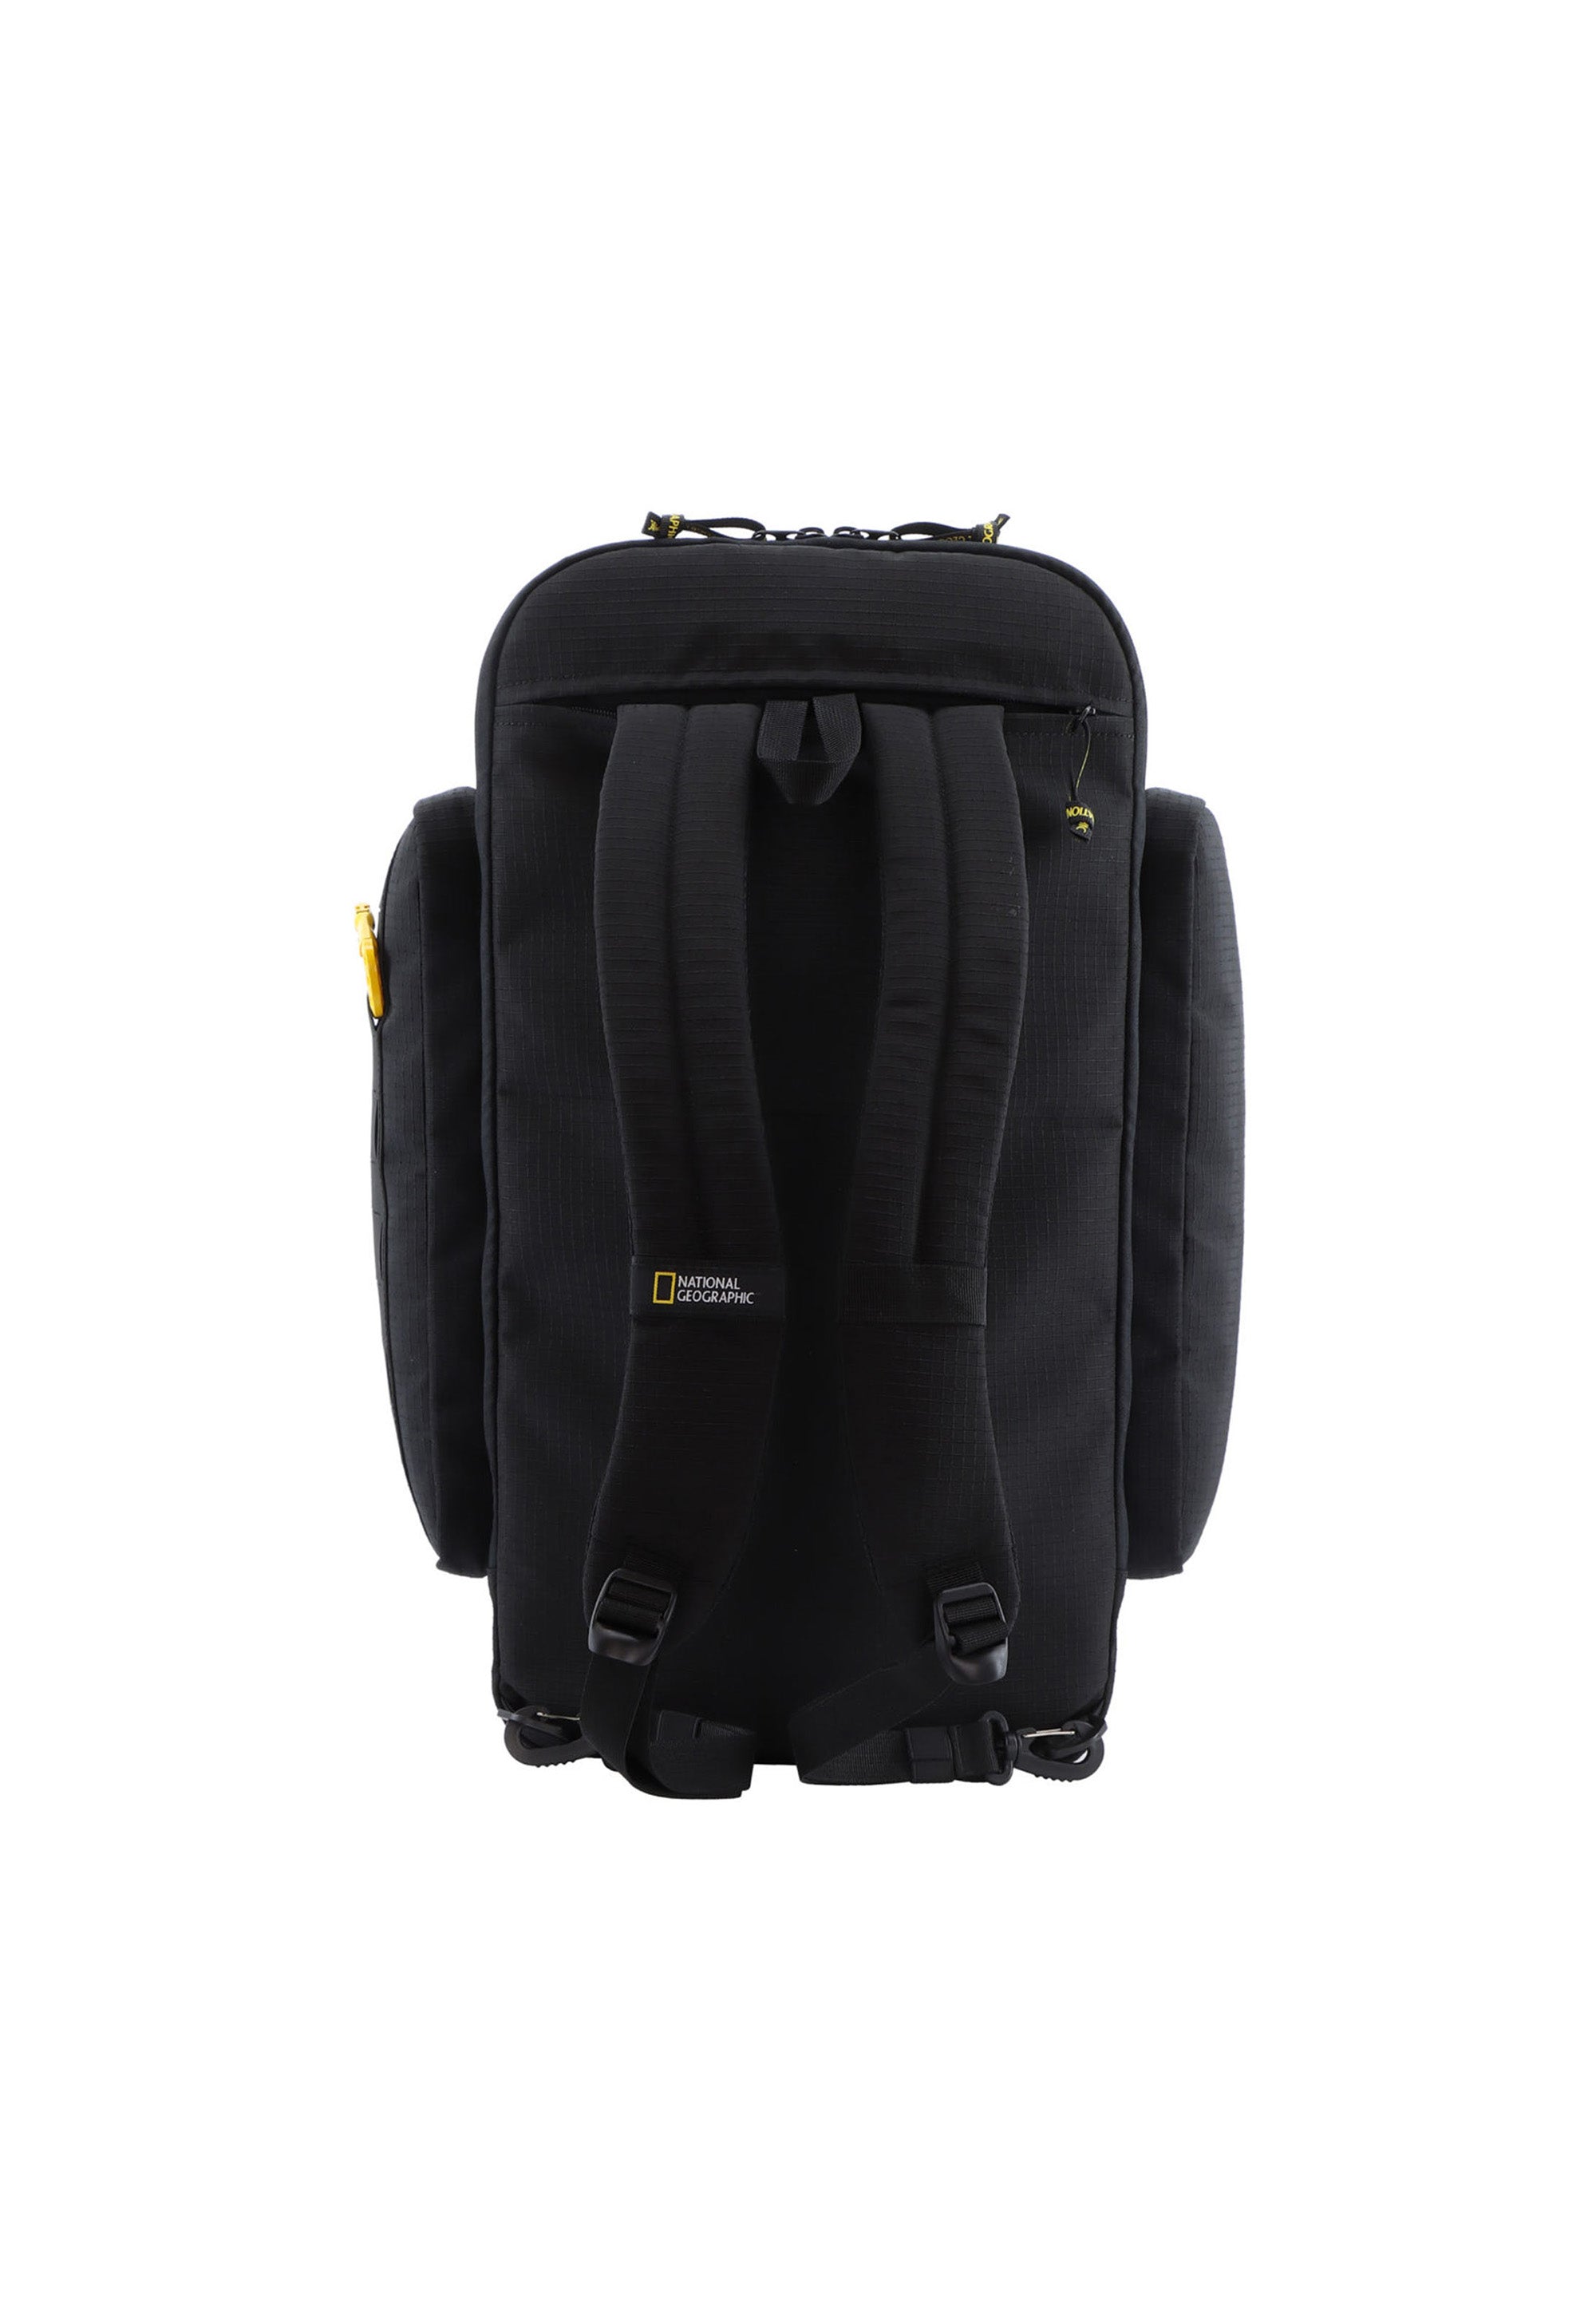 National Geographic - Explorer III | Reisetasche Sporttasche mit Rucksackfunktion aus recycelten PET-Flaschen | Schwarz
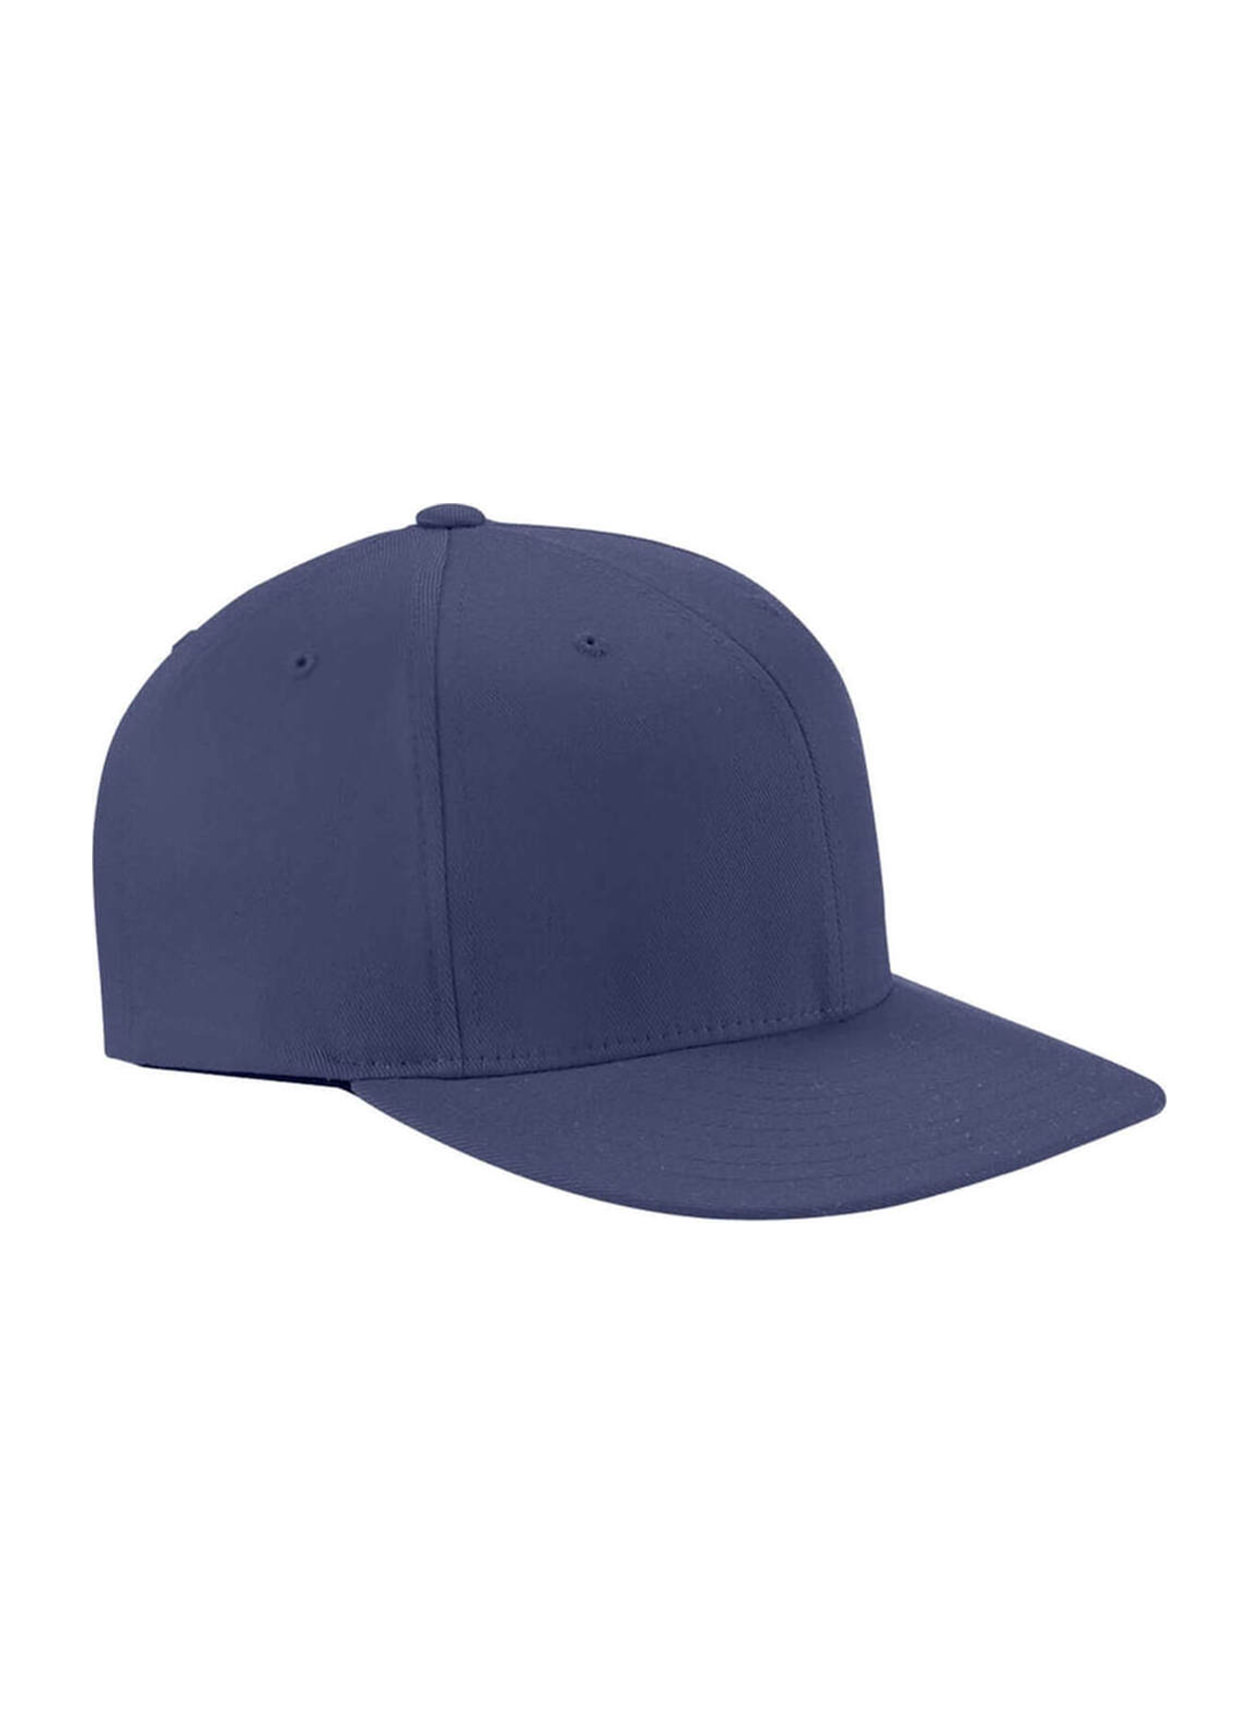 Flexfit Navy Wooly Twill Pro Baseball On-Field Shape Hat with Flat Bill
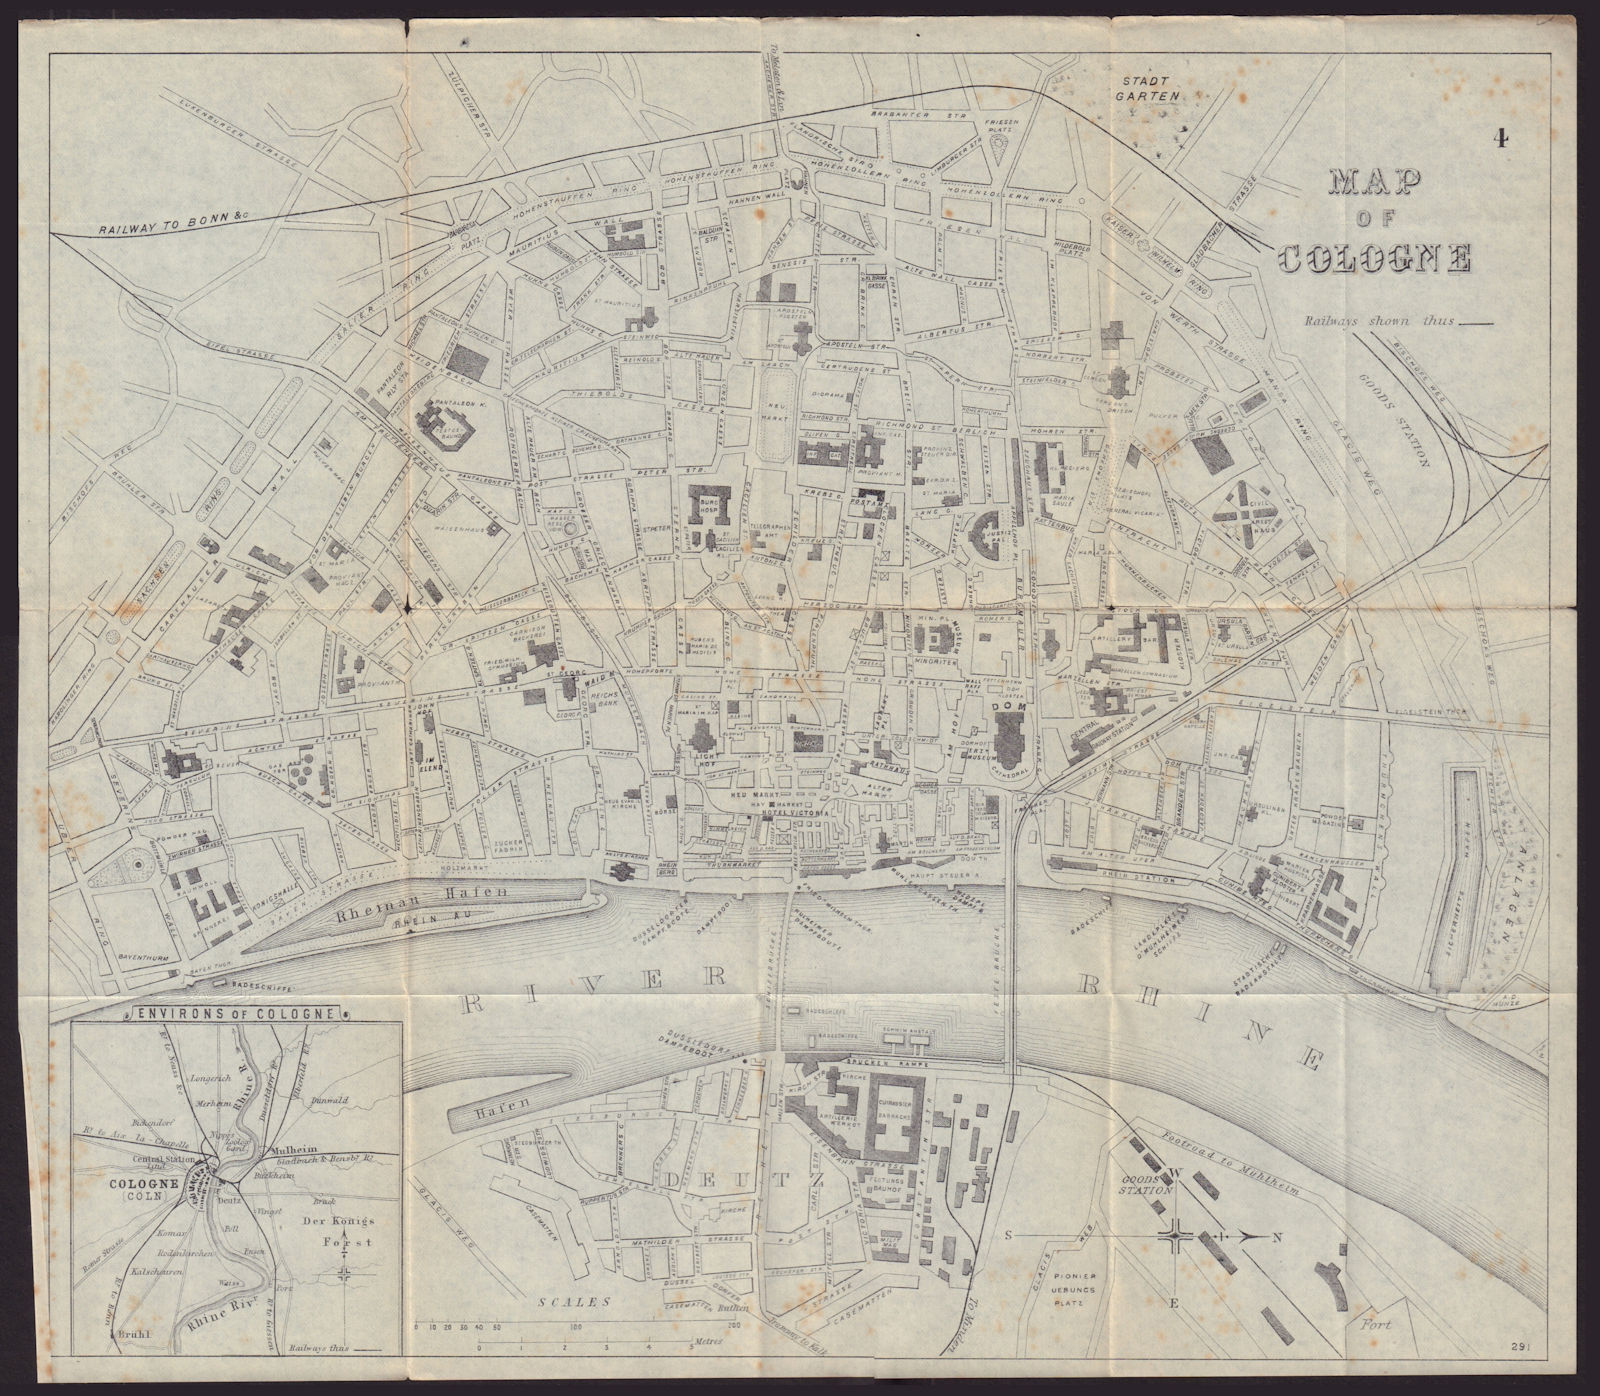 COLOGNE KOLN KÖLN antique town plan city map. Germany. BRADSHAW 1892 old
--- --- ---
DESCRIPTION OF THE TASK: Write out the whole of the data exactly; the pictures stay out.

EXERCISE RESPONSE:
 National Geographic - Explorer III | Reisetasche Sporttasche mit Rucksackfunktion aus recycelten PET-Flaschen | Schwarz
 Flexfit Navy Wooly Twill Pro Baseball On-Field Shape Hat with Flat Bill
 COLOGNE KOLN KÖLN antique town plan city map. Germany. BRADSHAW 1892 old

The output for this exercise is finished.